MARGARET GACHOKI THONGORI.......................APPELLANT

=VERSUS=

PETER NJENGA KARIENYE.................................RESPONDENT

RULING

1. This court [Angote J] rendered a judgment in this appeal on 24/4/2020. The court rendered itself thus:

“25. Exhibits in the lower court must be included in the Record of Appeal. In the absence of exhibits in the Record of Appeal, the appeal before me is incompetent and must fail on that ground.

26. In the circumstances, the appellant’s appeal is struck out with costs.”

2. Sixteen months later, specifically on 6/9/2021, the appellant brought a notice of motion dated 23/8/2021 seeking a review of the Judgment. The said application was supported by the appellant’s affidavit sworn on 23/8/2021. The application is the subject of this ruling.

3. The ground advanced by the appellant in seeking to set aside the judgment of the court is that her previous advocate erroneously failed to include certain exhibits in the record of appeal. She contends that she was not aware of the mistake by her advocate. She adds that she stands to suffer irreparable loss if the Judgment is not reviewed. She further states that she was not aware that the appeal was coming up for judgment and only came to learn about the judgment after delivery.

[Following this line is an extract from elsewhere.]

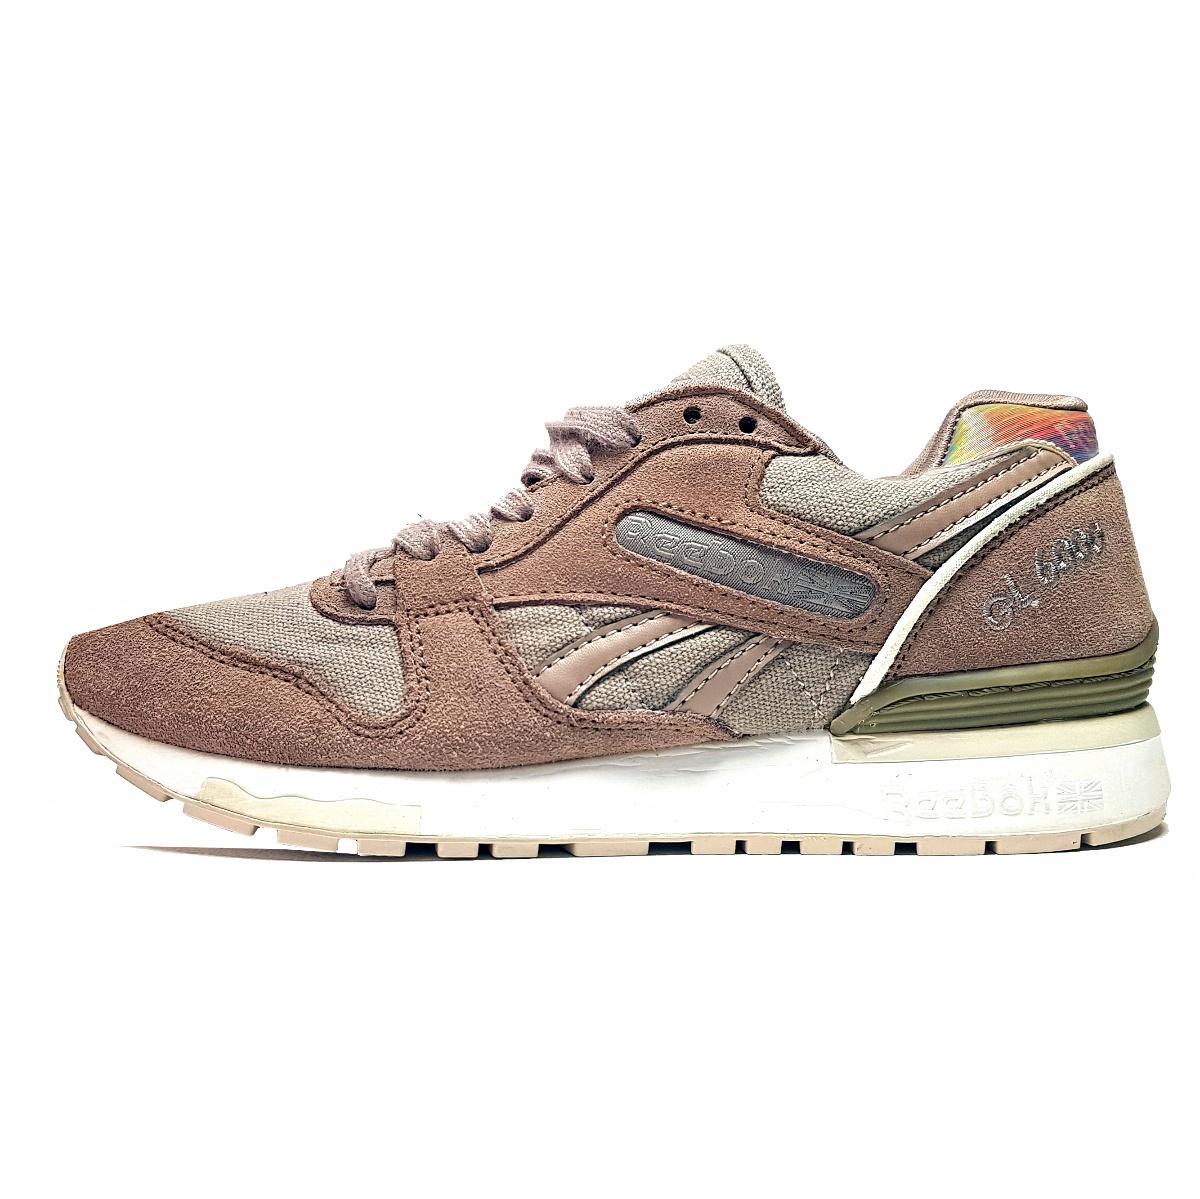 کفش مخصوص پیاده روی زنانه  مدل GL 6000 Transform کد V69803
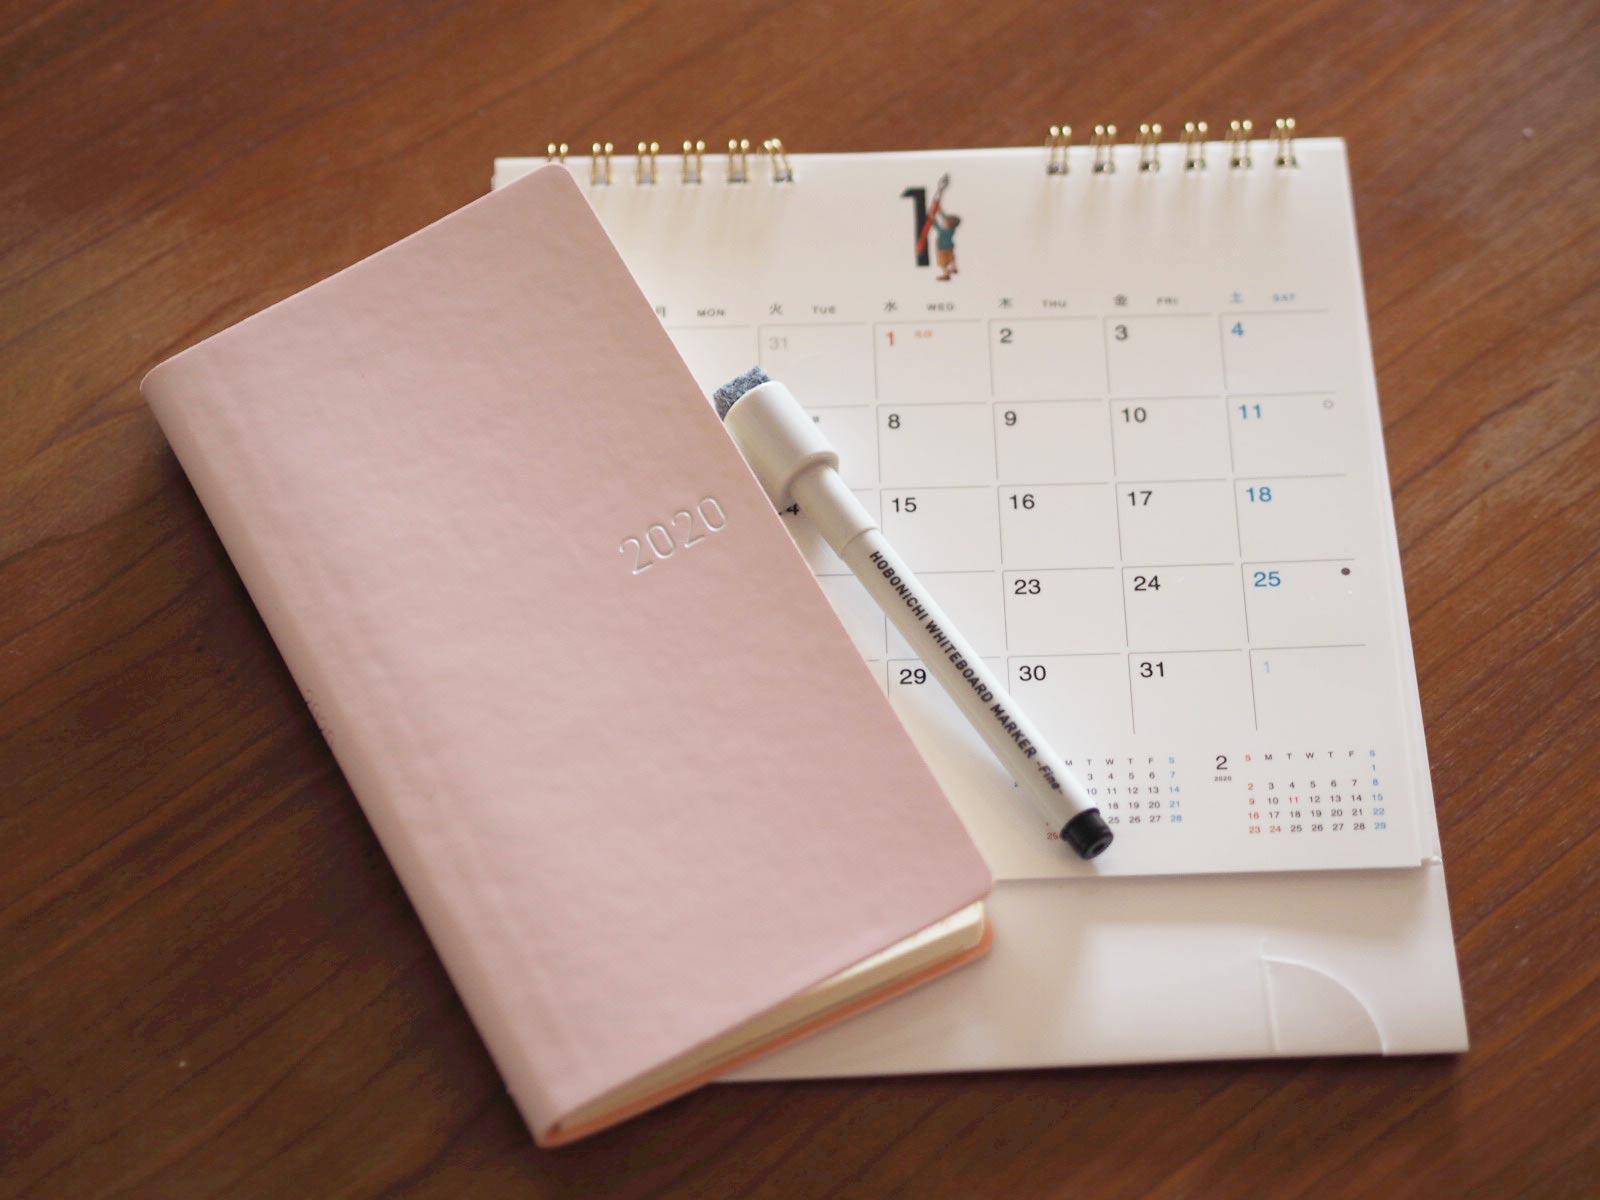 ほぼ日手帳とほぼ日ホワイトボードカレンダー

4. The application was canvassed through brief written submissions dated 14/3/2022 filed by the firm of Kimani Charagu & Co Advocates.Counsel submitted that the court relied on the provisions of Order 42 rule 13(4)of the Civil Procedure Rules which provides that before allowing the appeal to go for hearing the judge shall be satisfied that certain specified documents are on record. Counsel argued that the judge having allowed the appeal to go for hearing, he should not have turned around and placed the blame on the appellant. Counsel contended that the judge should not have admitted the appeal for hearing, and that having allowed the appeal to go to hearing, he was equally to blame. Counsel argued that the best that the judge should have done was to order that a supplementary record of appeal be filed.

5. Counsel added that the trial court file which was before the Judge contained a list of exhibits together with the exhibits themselves and formed part of the record. Counsel contended that when the Judge found that the record of appeal did not contain certain exhibits, he ought to have ordered that the appeal was not sufficiently ready for hearing and directed the appellant to “comply”.

6. Counsel further submitted that because the appellant was represented by an advocate, the omission to file a complete record of appeal was that of the advocate and should not be visited on the appellant. Counsel added that the court is vested with discretion in an application for review, contending that the appellant had demonstrated sufficient ground why the judgment should be reviewed. In conclusion, counsel submitted that by striking out the appeal, the Judge did not consider the appeal on its merits, hence the need to review the Judgment and let the appeal be heard on its merits.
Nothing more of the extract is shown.